Inzwischen hat Habeck mehr Unterstützung für die Wirtschaft angekündigt. “Wir werden die deutschen Unternehmen und den deutschen Mittelstand schützen”, sagte er im Deutschen Bundestag. Für den Herbst und Winter sind Finanzhilfen angedacht, für die Unternehmen soll ein “Schutzschirm” aufgespannt werden, vergleichbar mit den Hilfen in der Corona-Pandemie. Bereits im Oktober sollten Unternehmen, die ihre Produktion zurückfahren, um Gas zu sparen, finanziell entschädigt werden. “Putins Angriff zielt auch auf unser Wirtschaftssystem”, sagte Habeck mit Blick auf den russischen Präsidenten Wladimir Putin und den Krieg in der Ukraine.

Keine Subventionen auf Dauer

Die Finanzhilfen sollen für eine begrenzte Zeit gezahlt werden, bis Anstrengungen auf nationaler und europäischer Ebene zur Dämpfung der hohen Strom- und Gaspreise wirken würden, kündigte Habeck an. Doch wird das ausreichen? Steffen Müller, Professor am Leibniz-Institut für Wirtschaftsforschung Halle (IWH) gibt zu bedenken, dass steigende Energiepreise, aber auch steigende Kreditzinsen kein vorübergehendes Phänomen sind, sondern mittel- und langfristig bleiben würden.

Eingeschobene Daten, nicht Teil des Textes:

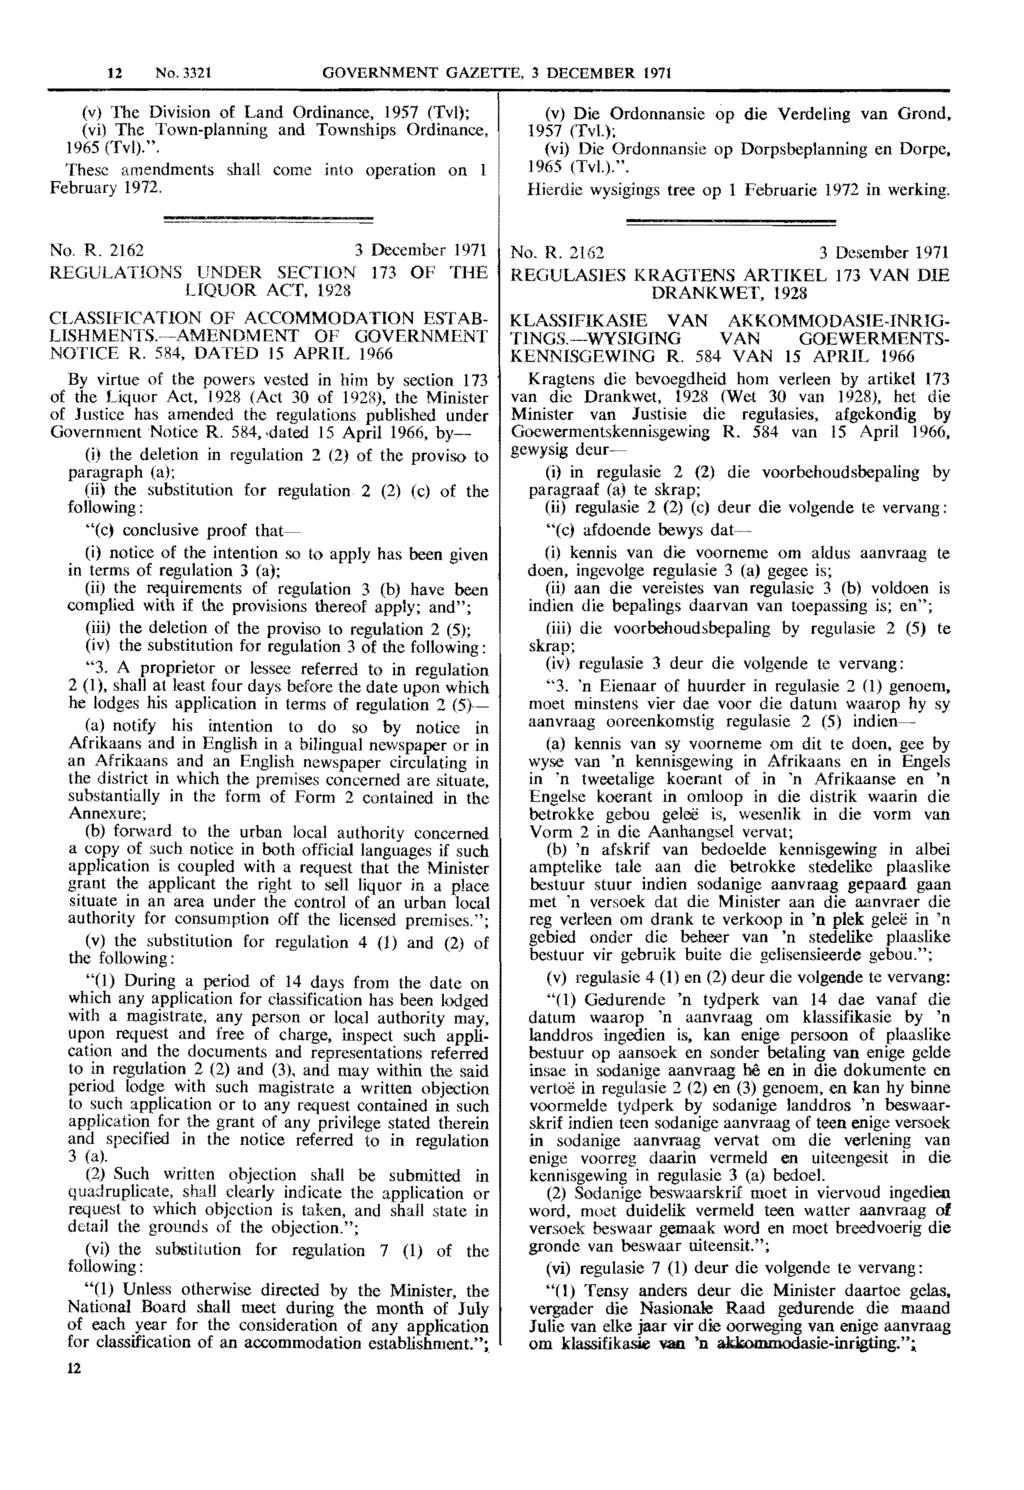 12 No. 3321 GOVERNMENT GAZETTE, 3 DECEMBER 1971 (v) The Division of Land Ordinance, 1957 (Tvl); (vi) The Town-planning and Townships Ordinance, 1965 (Tvl).".

Kann ein Unternehmen seine Rechnungen nicht mehr bezahlen, dann muss es das öffentlich bekannt geben

“Hilfsprogramme, die lediglich eine bestimmte Krisenzeit überbrücken können, verschieben in dieser Situation die Probleme in erster Linie zu Lasten des Steuerzahlers um ein paar Monate in die Zukunft”, schreibt Müller auf Anfrage der DW: “Maßnahmen, die eine Zeitlang die Energiepreise senken, sind ebenfalls nicht sinnvoll, da sie Anreize zum Energiesparen nehmen. Genau das können wir uns nicht erlauben.”

Die Krise beschleunigt den Strukturwandel

Sinnvoller seien zinsgünstige Kredite, argumentiert Müller, die mit der Maßgabe vergeben werden sollten, auf energiesparende Produktionsverfahren umzurüsten. “Der Kern des Arguments ist, dass die Energiepreise auch nach diesem Winter nicht wieder zurück auf das Niveau der letzten Jahre fallen werden. Es ändert sich also strukturell etwas.”

Normalerweise sei es Aufgabe der Unternehmen, sich darauf einzustellen, schreibt der Wissenschaftler. In einem “krisenhaft stark beschleunigten Strukturwandel hin zu einer grüneren Industrie” könne der Staat aber helfen und die Unternehmen begleiten.